I've just written a function which, though it works, annoys me as I'm sure if I knew a bit more about parse, I could do it in one parse rather than a parse in a loop. The problem is we have a string that has some "place-holders" (identified as !!xxx!! where xxx can be anything), eg: {Welcome !!name!! your address is !!street!! !!town!! !!city!! !!state!! !!country!!} Code before ours has made substitutions, but may have left some stray place-holders: {Welcome John-Paul your address is The Vatican !!town!! Roma !!state!! Italia} So I now want to remove the remaining place-holders: {Welcome John-Paul your address is The Vatican Roma Italia} (We don't need to clear the doubled spaces. We'll let the caller do a trim if that's what they want). The function I wrote, and some test data is below. Can anyone suggest a one-parse approach? Thanks! Sunanda. ;; ======================================= clear-place-holders: func [str [string!] /local out-str ph ][ out-str: copy str ;;work on copy so str if unchanged if we fail forever [ ph: none parse/all out-str [thru "!!" copy ph to "!!"] if none? ph [break] replace/all out-str join "!!" [ph "!!"] "" ] return out-str ] print clear-place-holders {no place holders in this string} print clear-place-holders {!!begin!!text!!end!!} print clear-place-holders {text!!middle!! more text} print clear-place-holders {!!bad-holder and some text} print clear-place-holders {!!good!holder, even if a little weird!!and some text} print clear-place-holders {same!!same!!!!same!!!!same!! place-holder!!same!! five!!same!! times} print clear-place-holders {leaves null place-holder !!!! in output, but another function might remove it. Either way is fine} ;; =======================================

[2/16] from: AJMartin:orcon at: 30-Jul-2003 19:17

Sunanda wrote:

> The function I wrote, and some test data is below. Can anyone suggest a

one-parse approach? [ Rebol [ Name: 'Remove_Place_Holders Title: "Remove Place Holders" File: %"Remove Place Holders.r" Author: "AJ Martin" Copyright: "Free!" Date: 30/July/2003 ] Remove_Place_Holders: function [String [string!]] [Mark Start Stop] [ Mark: {!!} parse/all String [ any [ Start: Mark thru Mark End: ( End: remove/part Start End ) :End | skip ] end ] String ] foreach [Test Goal] [ {Welcome John-Paul your address is The Vatican !!town!! Roma !!state!! Italia} {Welcome John-Paul your address is The Vatican Roma Italia} {no place holders in this string} {no place holders in this string} {!!begin!!text!!end!!} {text} {!!good!holder, even if a little weird!!and some text} {and some text} {leaves null place-holder !!!! in output, but another function might remove it. Either way is fine} {leaves null place-holder in output, but another function might remove it. Either way is fine} ] [ if Goal <> Actual: Remove_Place_Holders copy Test [ print [ "Problem!" newline "Test:" mold Test newline "Actual:" mold Actual newline "Goal:" mold Goal ] halt ] ] print "All OK!" halt ] And running it, produces: All OK!

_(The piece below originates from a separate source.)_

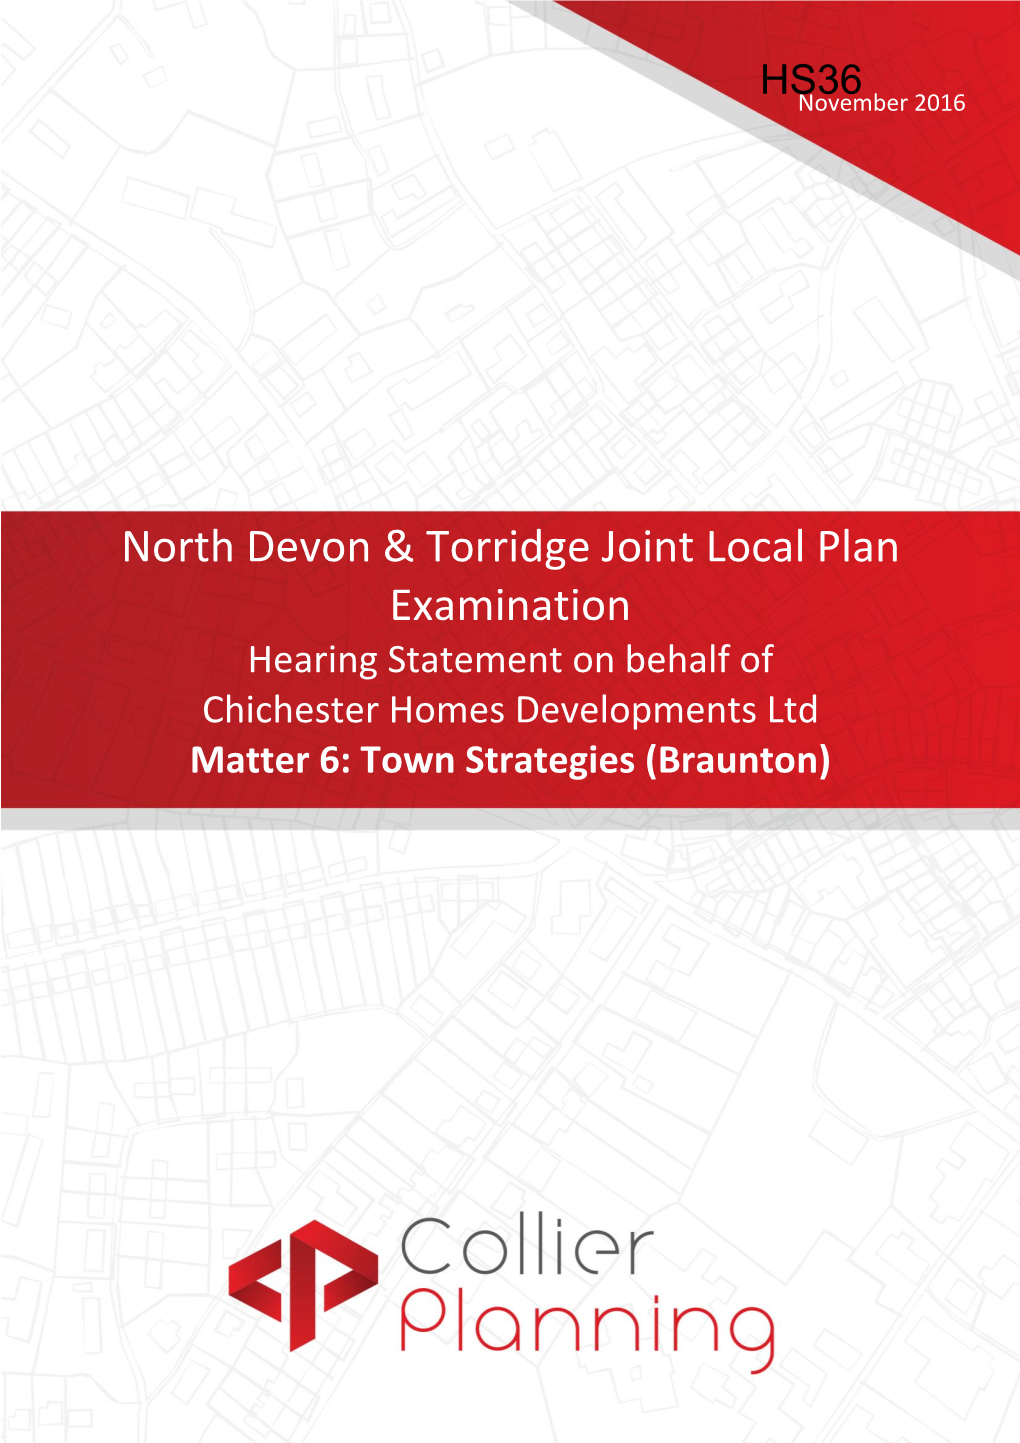 North Devon & Torridge Joint Local Plan Examination
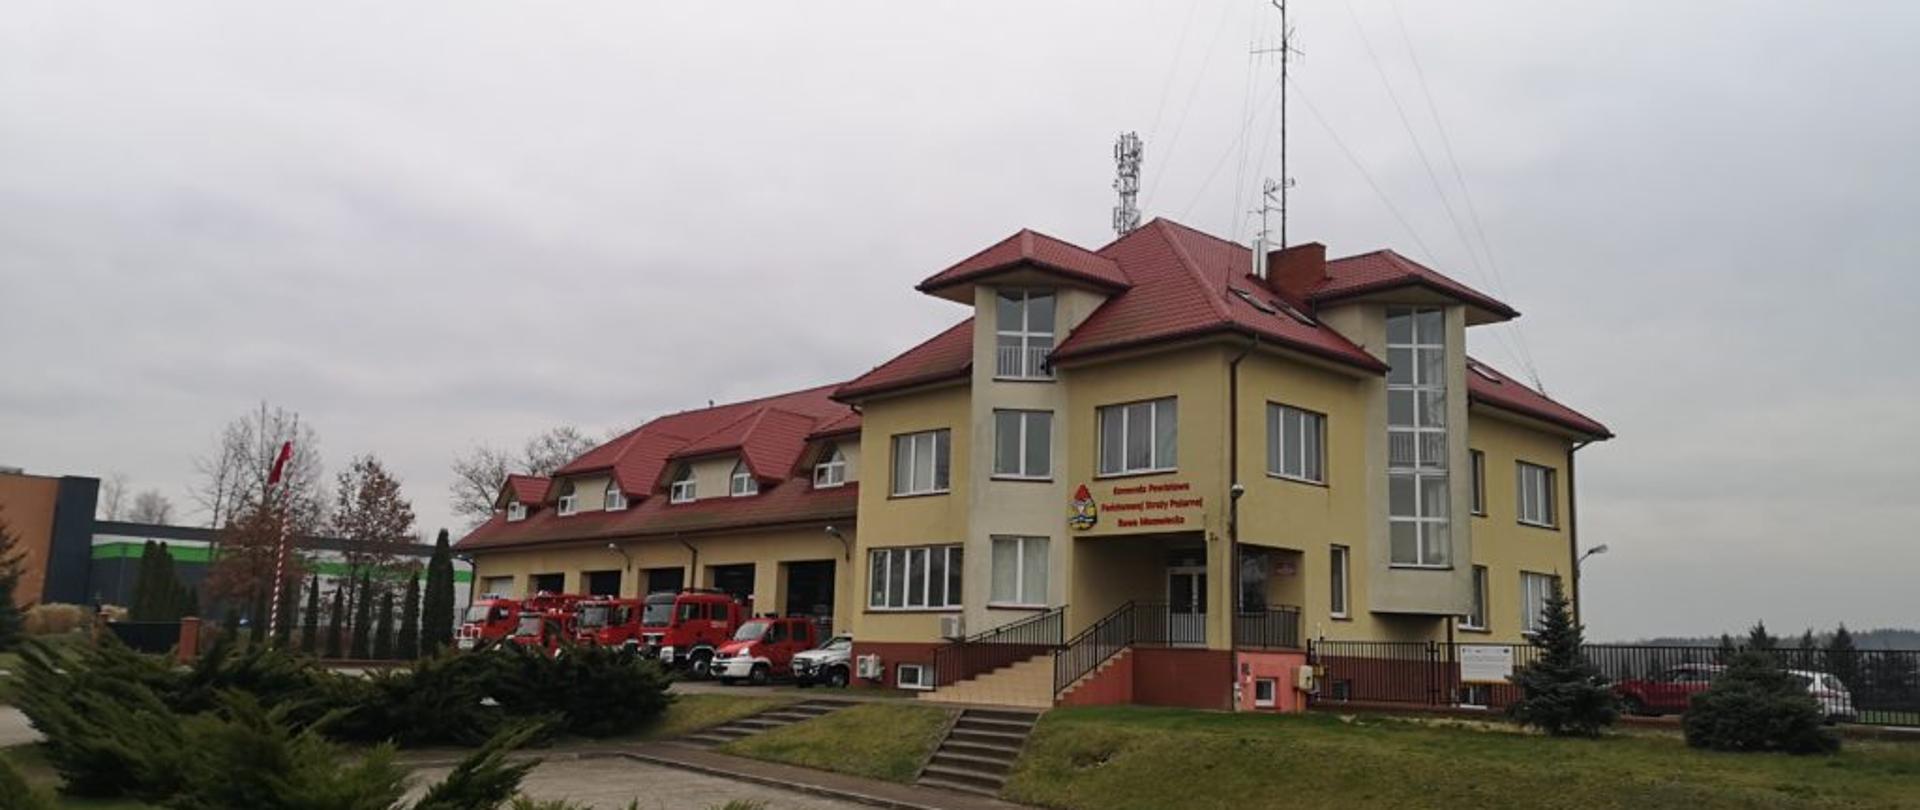 Zdjęcie przedstawia budynek Komendy Powiatowej Państwowej Straży Pożarnej w Rawie Mazowieckiej. Budynek znajduje się wyżej poziomu ulicy i parkingu dla interesantów. Budynek składa się z dwóch połączonych ze sobą części. Pierwsza, od lewej strony to część garażowa (parter + piętro), a druga to część administracyjna (piwnica + 3 piętra) Zdjęcie zrobione frontu. Budynek jest koloru żółtego i ma czerwoną dachówkę. Przed częścią garażową są wystawione samochody strażackie.

Note that 'Remove_Place_Holders modifies it's input string; the test code supplies a copy so that we can what the problems are. Sunanda wrote:

> Code before ours has made substitutions, but may have left some stray

place-holders:

> {Welcome John-Paul your address is The Vatican !!town!! Roma !!state!! > Italia} > > So I now want to remove the remaining place-holders:

The substitution code could easily remove placeholders that don't have a value. I hope that helps! Andrew J Martin ICQ: 26227169 http://www.rebol.it/Valley/ http://Valley.150m.com/

[3/16] from: AJMartin:orcon at: 30-Jul-2003 19:22

Oops! Little problem with using the wrong word, which is fixed in this version: [ Rebol [ Name: 'Remove_Place_Holders Title: "Remove Place Holders" File: %"Remove Place Holders.r" Author: "AJ Martin" Copyright: "Free!" Date: 30/July/2003 Version: 1.1.0 ] Remove_Place_Holders: function [String [string!]] [Mark Start Stop] [ Mark: {!!} parse/all String [ any [ Start: Mark thru Mark Stop: ( Stop: remove/part Start Stop ) :Stop | skip ] end ] String ] foreach [Test Goal] [ {Welcome John-Paul your address is The Vatican !!town!! Roma !!state!! Italia} {Welcome John-Paul your address is The Vatican Roma Italia} {no place holders in this string} {no place holders in this string} {!!begin!!text!!end!!} {text} {!!good!holder, even if a little weird!!and some text} {and some text} {leaves null place-holder !!!! in output, but another function might remove it. Either way is fine} {leaves null place-holder in output, but another function might remove it. Either way is fine} ] [ if Goal <> Actual: Remove_Place_Holders copy Test [ print [ "Problem!" newline "Test:" mold Test newline "Actual:" mold Actual newline "Goal:" mold Goal ] halt ] ] print "All OK!" halt ] Andrew J Martin ICQ: 26227169 http://www.rebol.it/Valley/ http://Valley.150m.com/

[4/16] from: g:santilli:tiscalinet:it at: 30-Jul-2003 10:11

Hi Sunanda, On Wednesday, July 30, 2003, 8:10:29 AM, you wrote: Sac> So I now want to remove the remaining place-holders: Sac> {Welcome John-Paul your address is The Vatican Roma Italia} Sac> (We don't need to clear the doubled spaces. We'll let the caller do a trim if Sac> that's what they want). QAD, clear-place-holders: func [str [string!] /local out-str start finish] [ out-str: make string! length? str parse/all str [ any [start: to "!!" finish: 2 skip thru "!!" (insert/part tail out-str start finish)] start: to end (insert tail out-str start) ] out-str ] HTH, Gabriele. -- Gabriele Santilli <[g--santilli--tiscalinet--it]> -- REBOL Programmer Amiga Group Italia sez. L'Aquila --- SOON: http://www.rebol.it/

[5/16] from: AJMartin:orcon at: 30-Jul-2003 21:25

I realised that I could get rid of the '| (the 'any and 'to do the job). Remove_Place_Holders: function [String [string!]] [Mark Start Stop] [ Mark: {!!} parse/all String [ any [ to Mark Start: Mark thru Mark Stop: ( Stop: remove/part Start Stop ) :Stop ] to end ] String ] Andrew J Martin ICQ: 26227169 http://www.rebol.it/Valley/ http://Valley.150m.com/

[6/16] from: Christian:Ensel:GMX at: 30-Jul-2003 18:44

Hello Sunanda, if your problem won't become more complex than stated, then maybe

>> replace/all "... my !!string!! with !!delimiters!! ..." "!!" ""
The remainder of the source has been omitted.